Weighted calculation step: it according to the weight of the speech analysis model and Expression analysis model by P1, P2 weighted calculation, obtains The fraud recognition result of the object to be identified.

2. fraud recognition methods as described in claim 1, which is characterized in that extract phonetic feature in the characteristic extraction step Include:

Second feature extraction step: extracting dynamic regressioncoefficients from each low order phonetic feature, obtains the dynamic of each audio fragment State audio frequency characteristics；

Third feature extraction step: each audio is extracted from the low order audio frequency characteristics and dynamic audio frequency feature using statistical function The high-order audio frequency characteristics of segment；And

Screening step: high-order audio frequency characteristics is filtered out from the high-order audio frequency characteristics of each audio fragment using Feature Selection algorithm Collection, using high-order audio frequency characteristics subset as the phonetic feature of each audio fragment.

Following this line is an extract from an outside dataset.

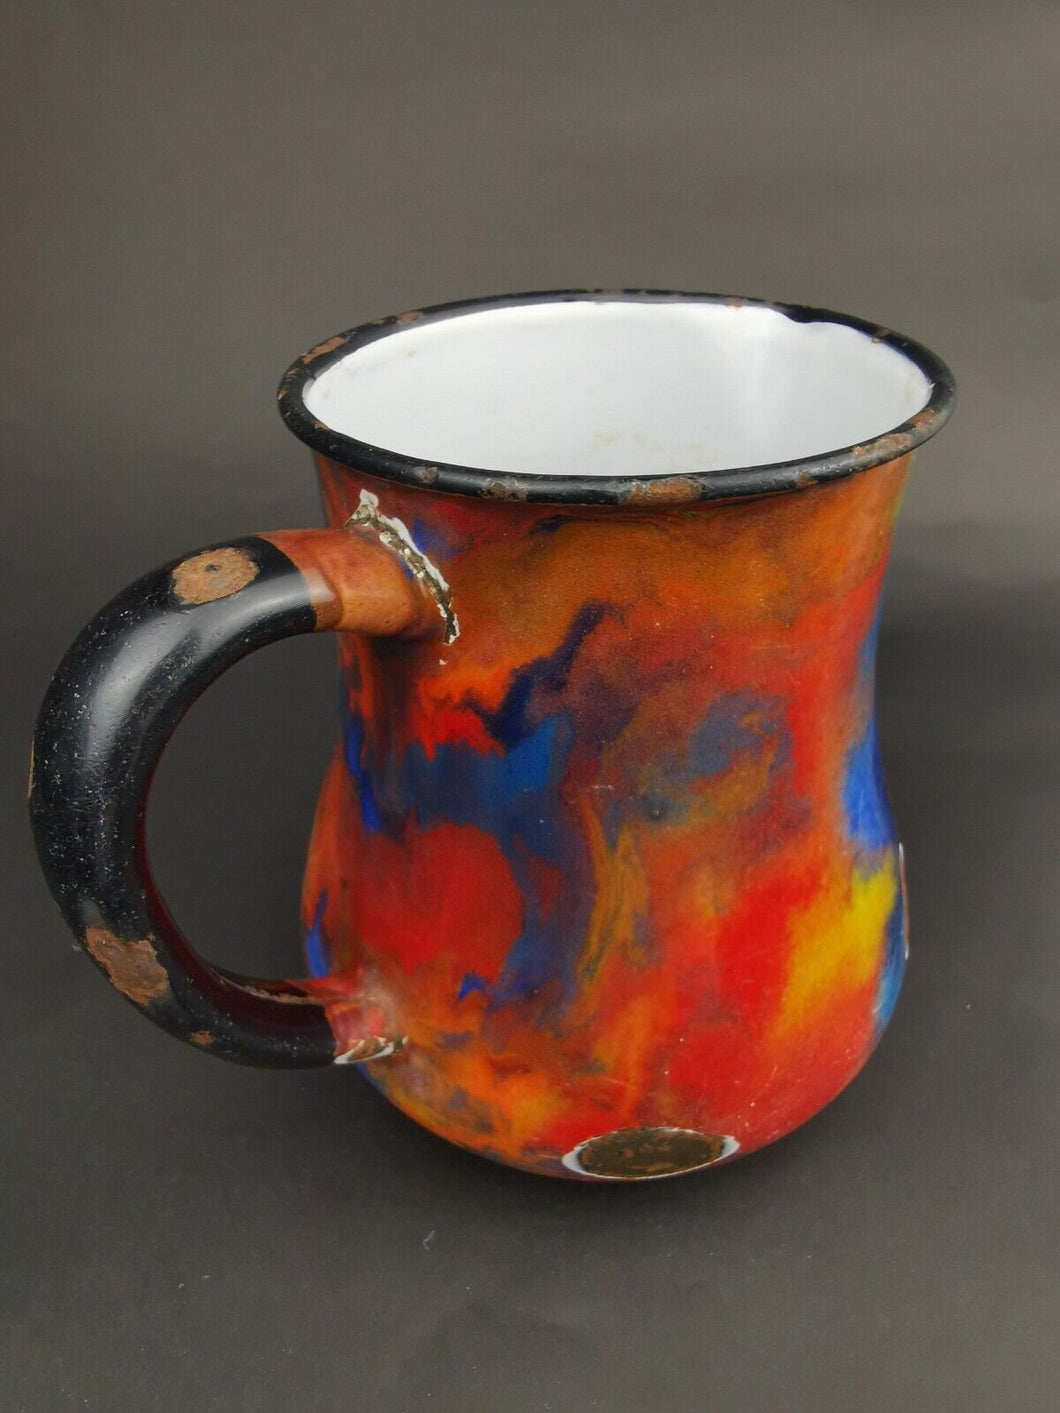 Antique Enamel and Metal Pitcher Jug Enamel Ware End of Day Rainbow Multicolored Rare French Early 1900's Original
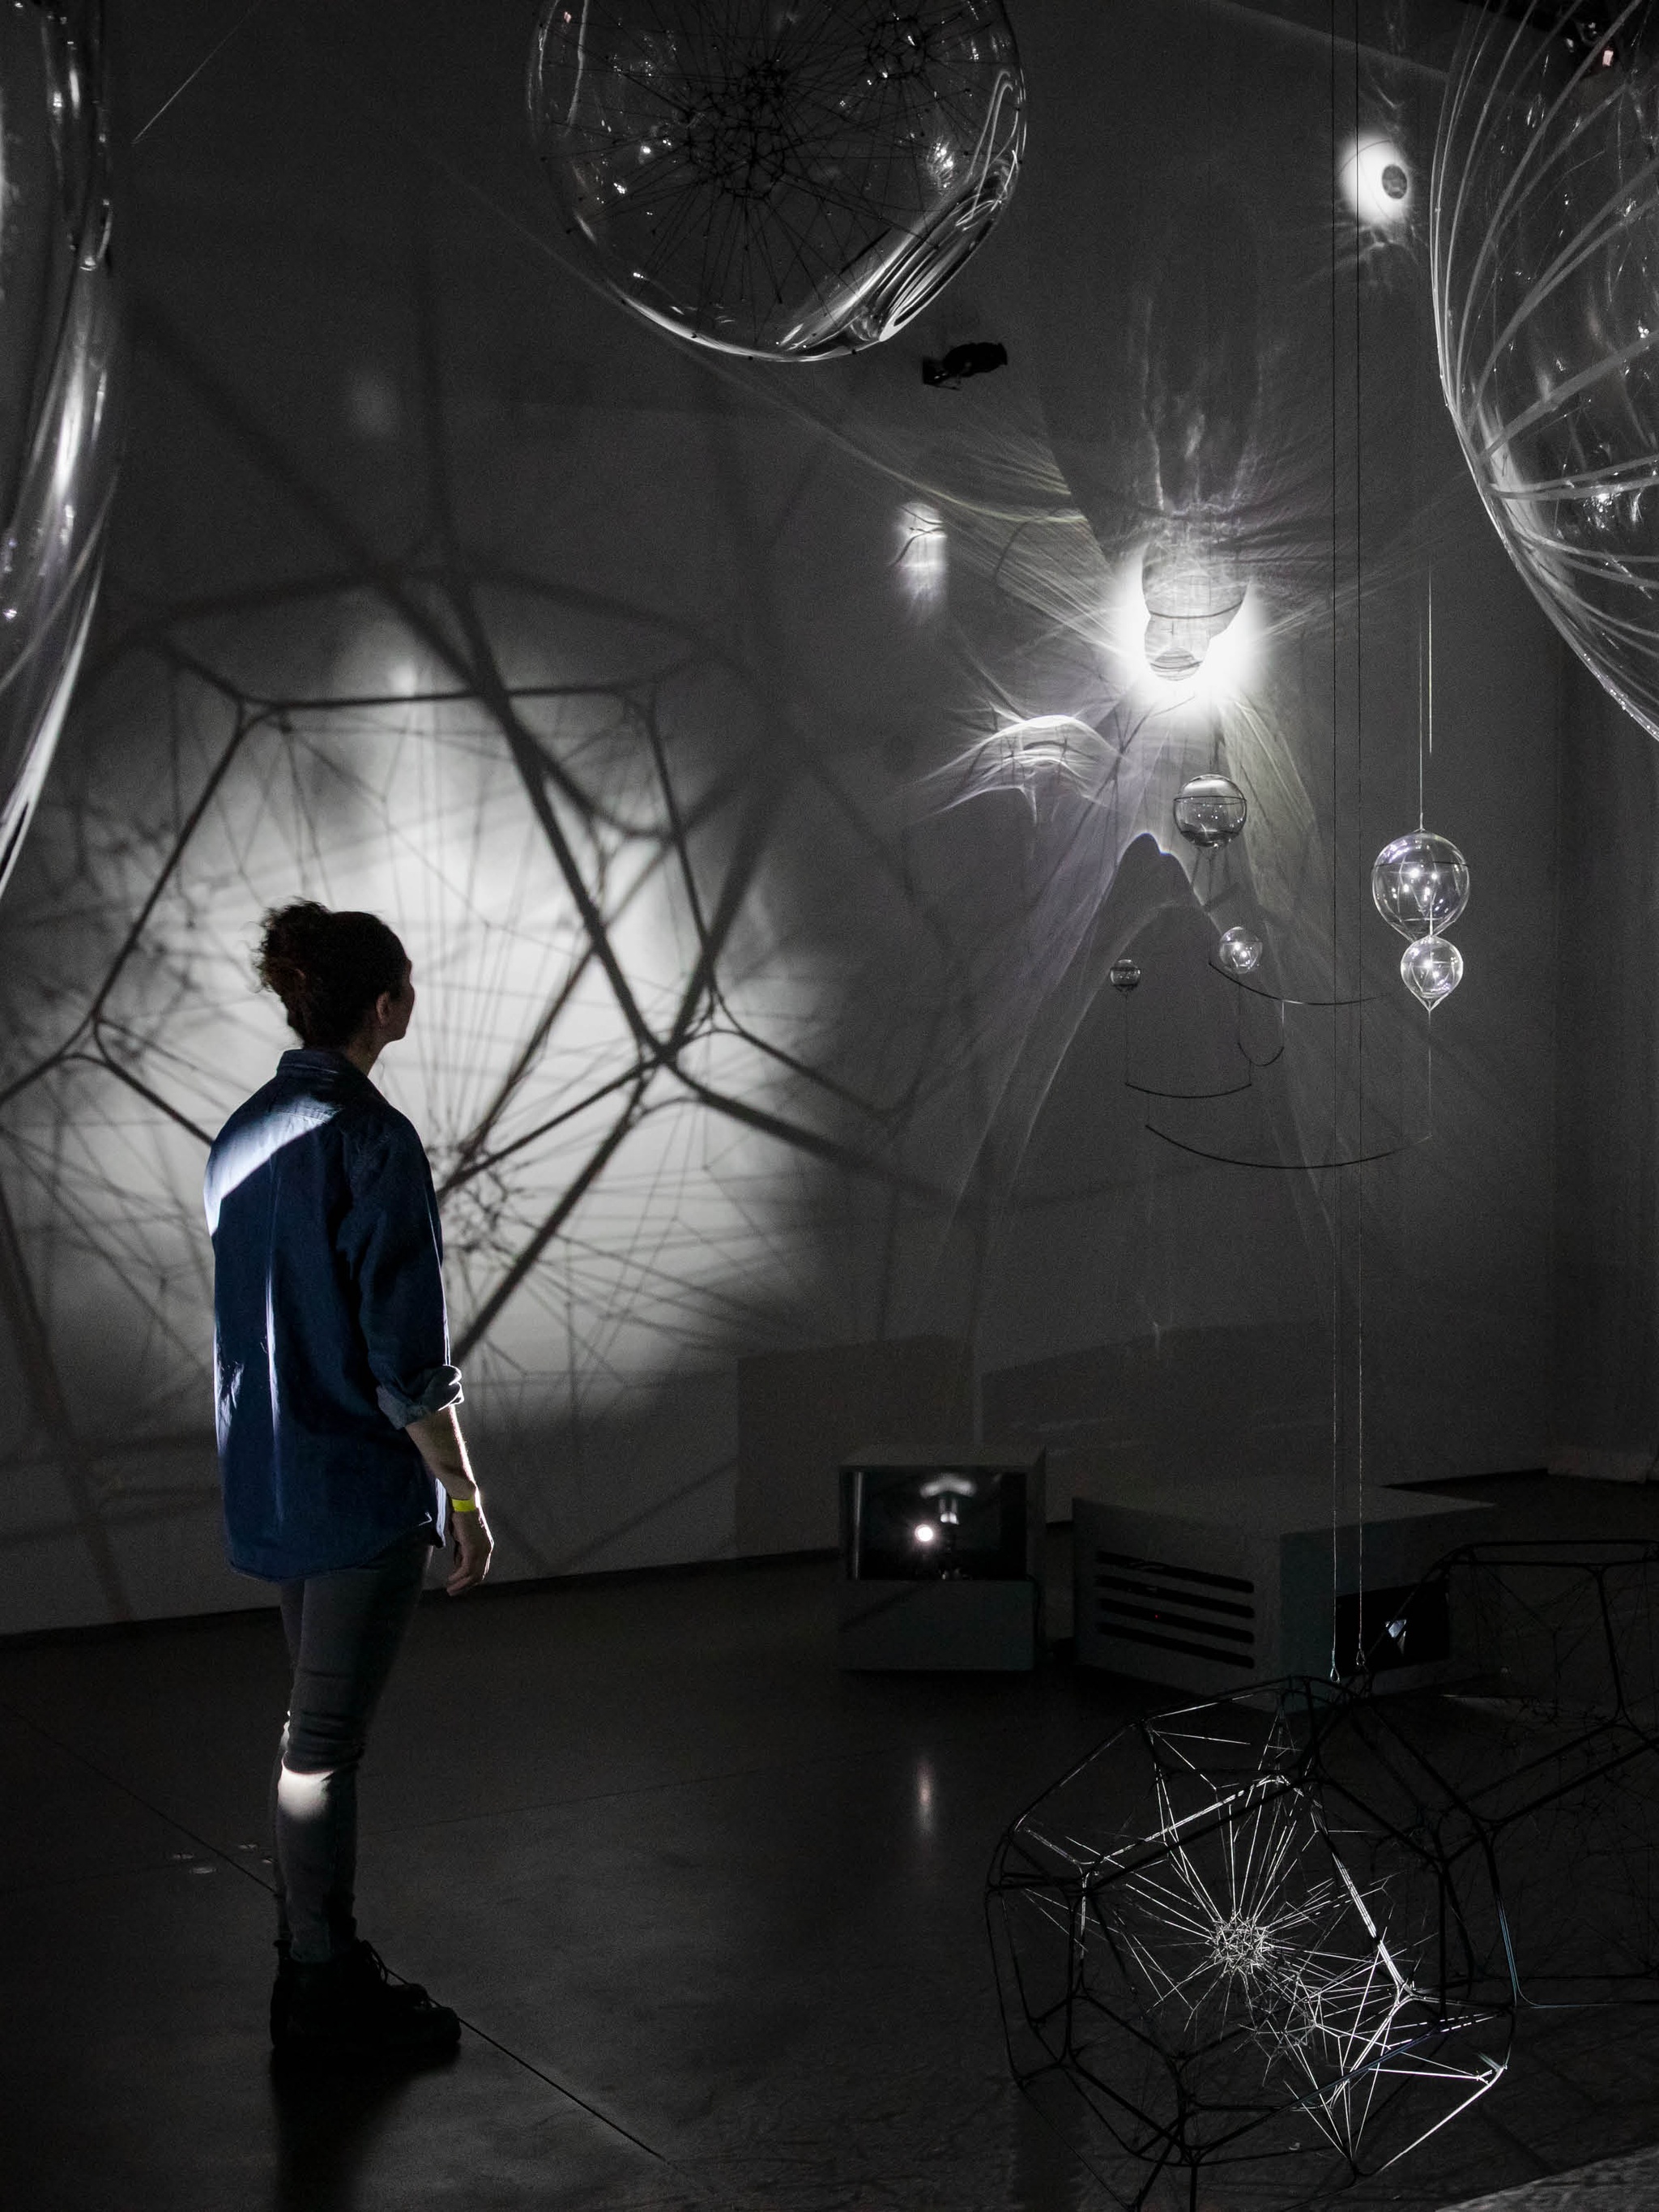 A person stands in shadowy light in an gallery with light refracted through hanging orbs and other sculptures

3. fraud recognition methods as claimed in claim 2, which is characterized in that the low order audio frequency characteristics include that mel-frequency falls Spectral coefficient, pitch and zero-crossing rate.

4. fraud recognition methods as described in claim 1, which is characterized in that extract expressive features in the characteristic extraction step Include:

High-order latent structure step: counting the number and lasting duration that each low order motion characteristic occurs in each video clip, The high-order motion characteristic of each video clip is constructed according to statistical result；And

Screening step: high-order motion characteristic is filtered out from the high-order motion characteristic of each video clip using Feature Selection algorithm Collection, using high-order motion characteristic subset as the expressive features of each video clip.

5. fraud recognition methods as claimed in claim 4, which is characterized in that the low order motion characteristic include head towards, Eyeball direction and Facial action unit.

6. fraud recognition methods as described in claim 1, which is characterized in that the model applying step further includes following step It is rapid:

The audio, video data of object to be identified is decoded and is pre-processed, the audio data and video of the object to be identified are obtained Data；

Phonetic feature is extracted from the audio data of the object to be identified, extracts expression from the video data of the object to be identified Feature.

7. a kind of electronic device, including memory and processor, which is characterized in that include fraud identification journey in the memory Sequence, the fraud recognizer realize following steps when being executed by the processor:

8. electronic device as claimed in claim 7, which is characterized in that extract phonetic feature packet in the characteristic extraction step It includes:

9. electronic device as claimed in claim 7, which is characterized in that extract expressive features packet in the characteristic extraction step It includes:

10. a kind of computer readable storage medium, which is characterized in that include fraud identification in the computer readable storage medium Program when the fraud recognizer is executed by processor, realizes that fraud described in any one of claims 1 to 6 such as identifies The step of method.